For each individual sample, NG-Tax 2.0 provisionally rejects ASVs of low abundance. While most of these ASVs are likely random noise signals, a provisionally rejected ASV can also point at microbial species with a particular low abundance in the specific sample. We can study this by asking two related questions.
1. “Do we find a particular provisionally rejected ASV in more samples?”
2. “Is this ASV an accepted ASV in other samples?”
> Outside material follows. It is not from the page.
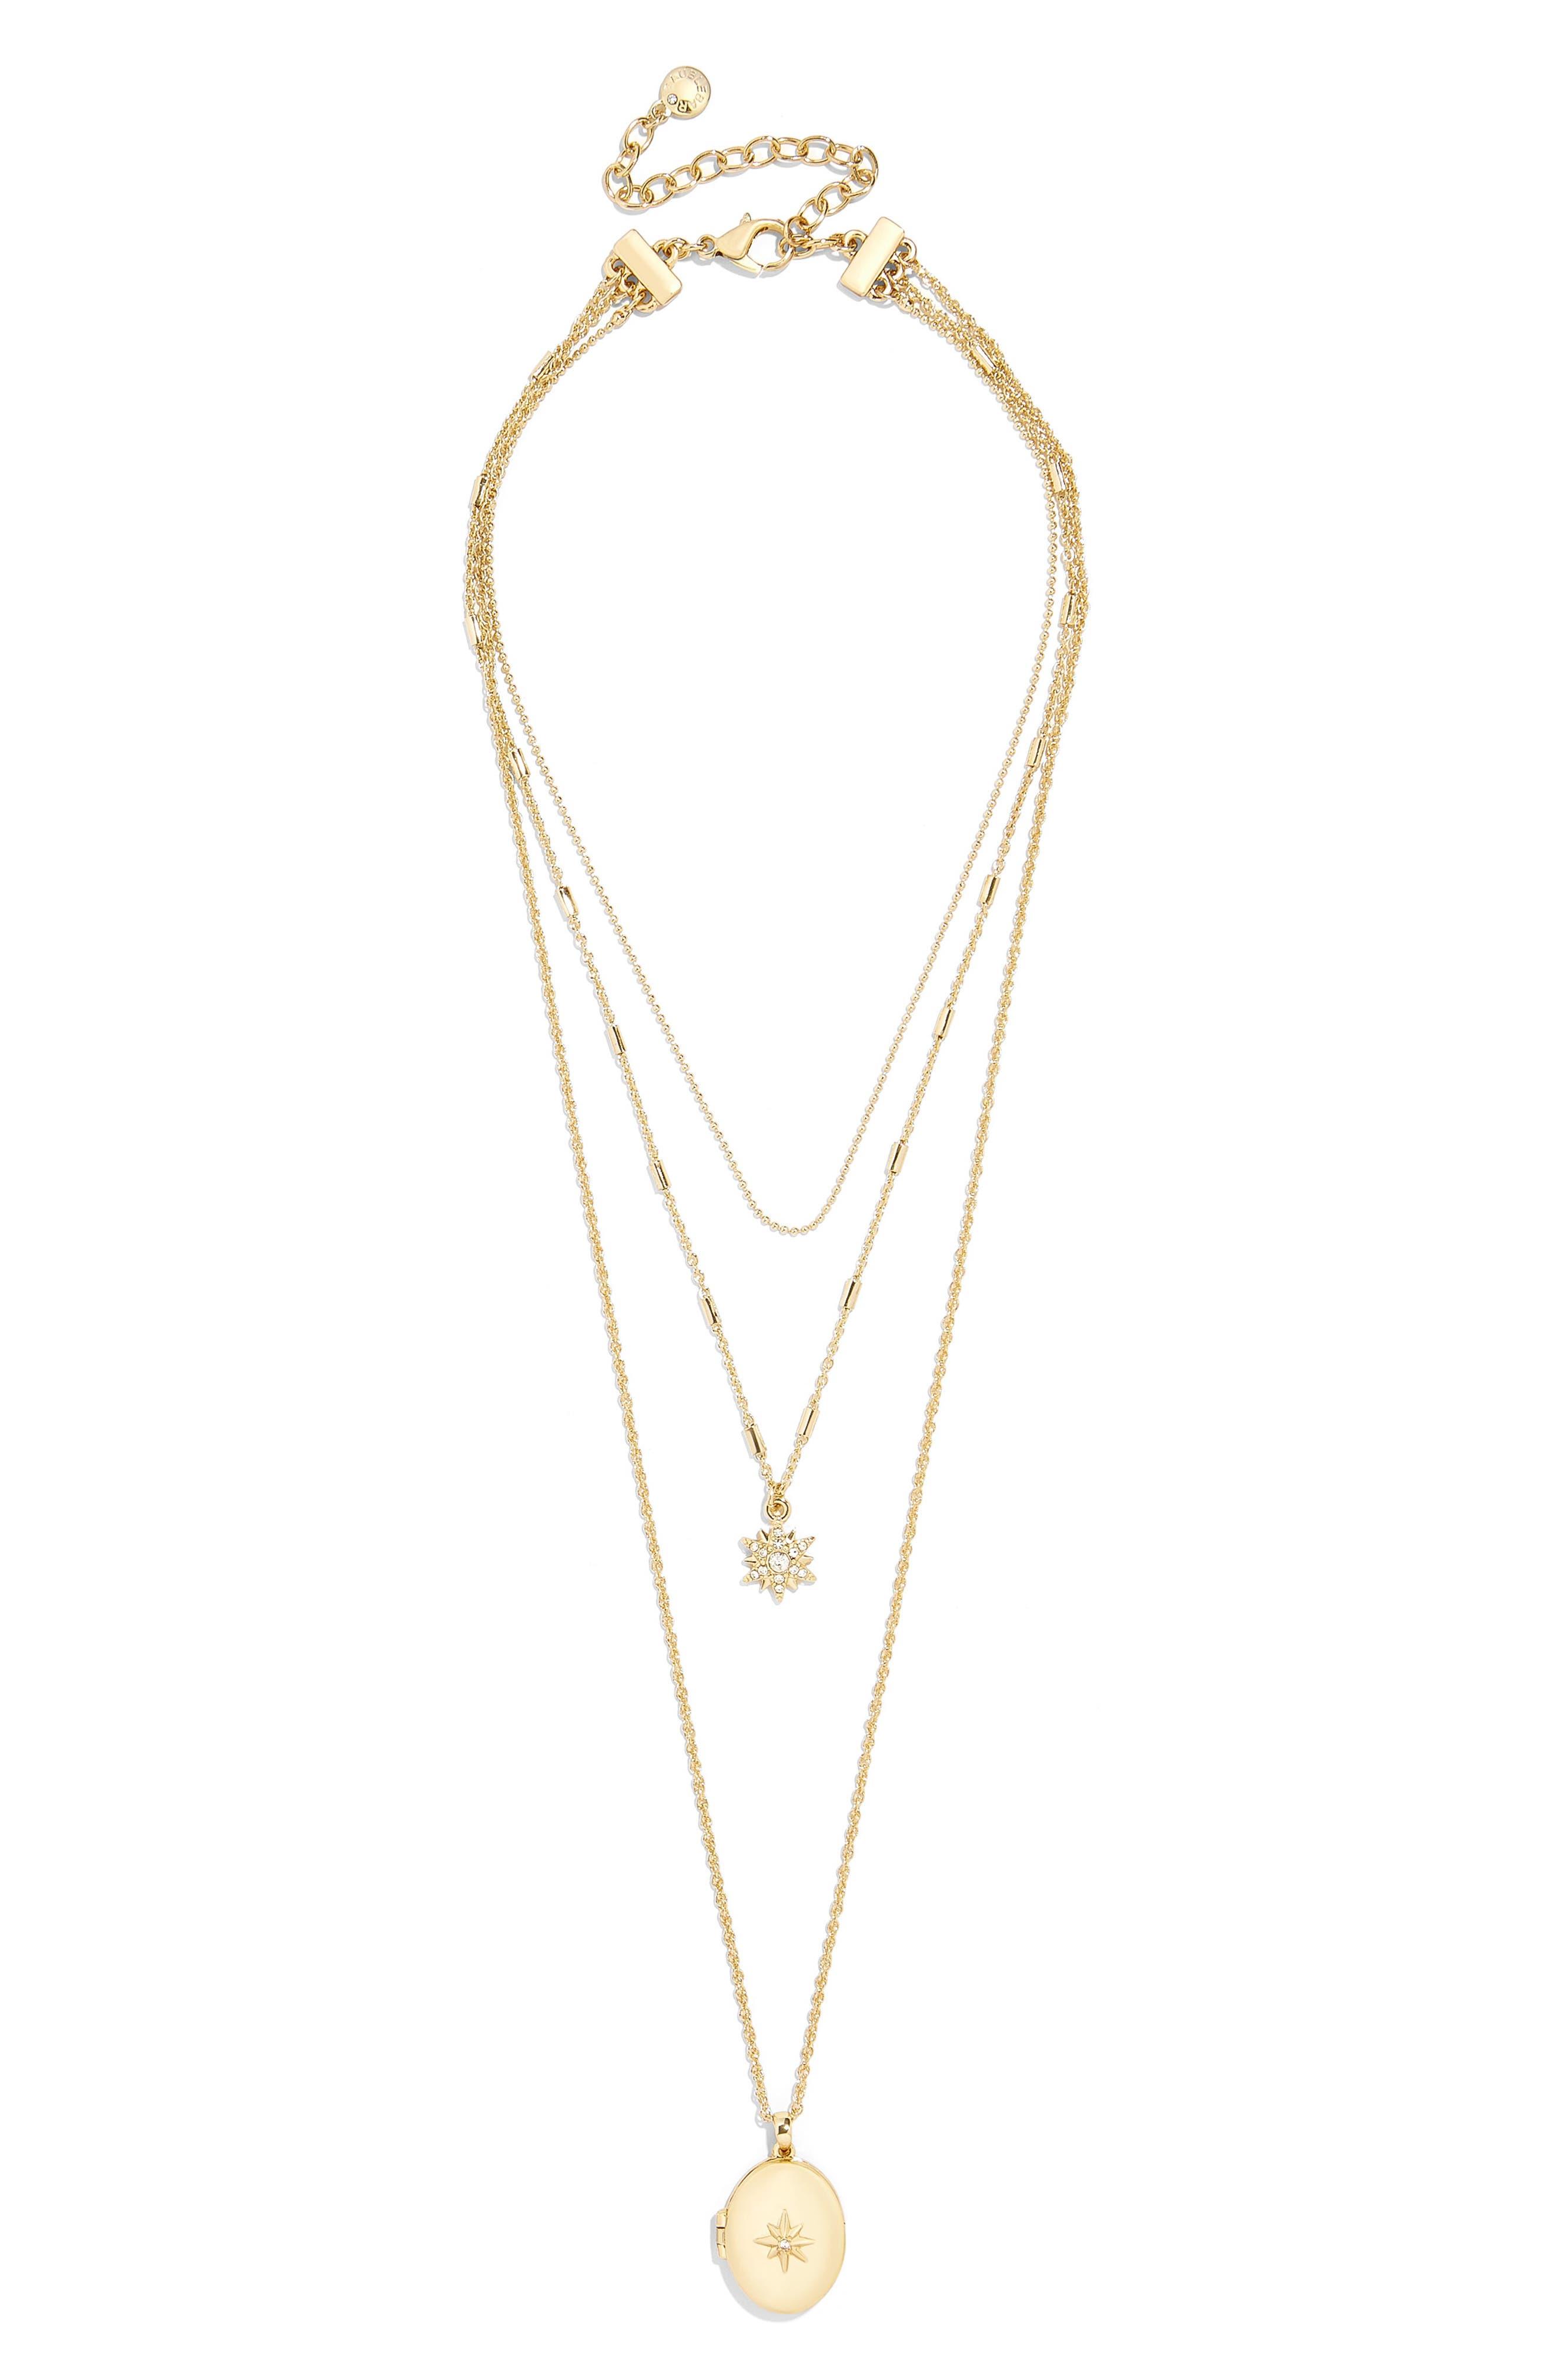 BAUBLEBAR, Melisandra Layered Pendant Necklace, Main thumbnail 1, color, GOLD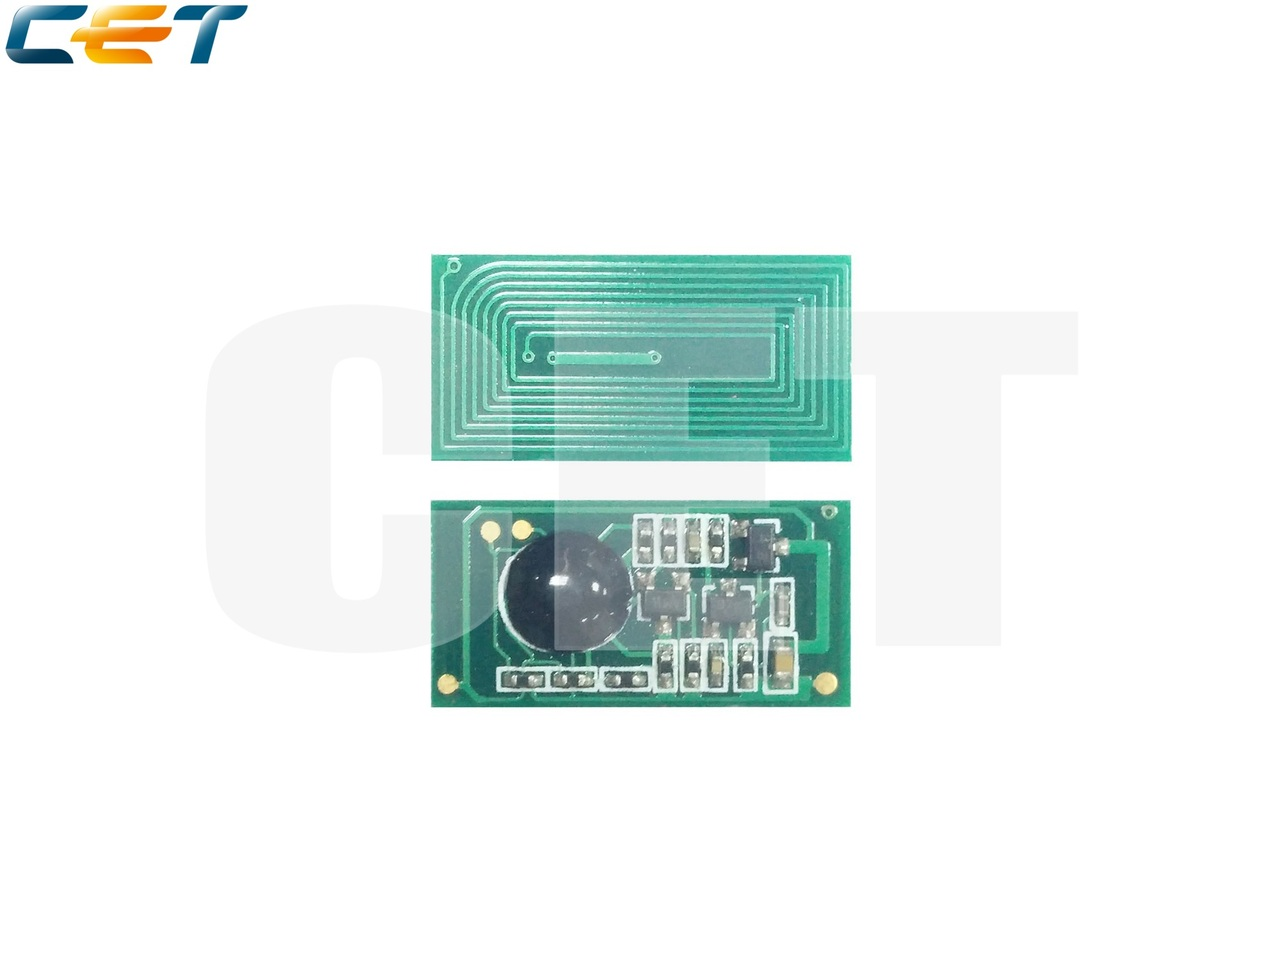 Чип картриджа для RICOH Aficio MPC2000/MPC2500/MPC3000(CET) Yellow, (WW), 15000 стр., CET9440Y

As the ASVs are stored in a graph database, this and the results presented in the examples above, can be done with standard SPARQL queries. In the example, we have plotted the number of the provisionally rejected ASV that are shared between the 1800 samples. As can be seen, by far the majority occurs in less than three samples and on the basis of this most probably most of them are noise ASvs. The example SPARQL query above explores this a little bit further and provides an answer to the question “How many provisionally rejected ASVs are in fact accepted ASVs in other samples?”.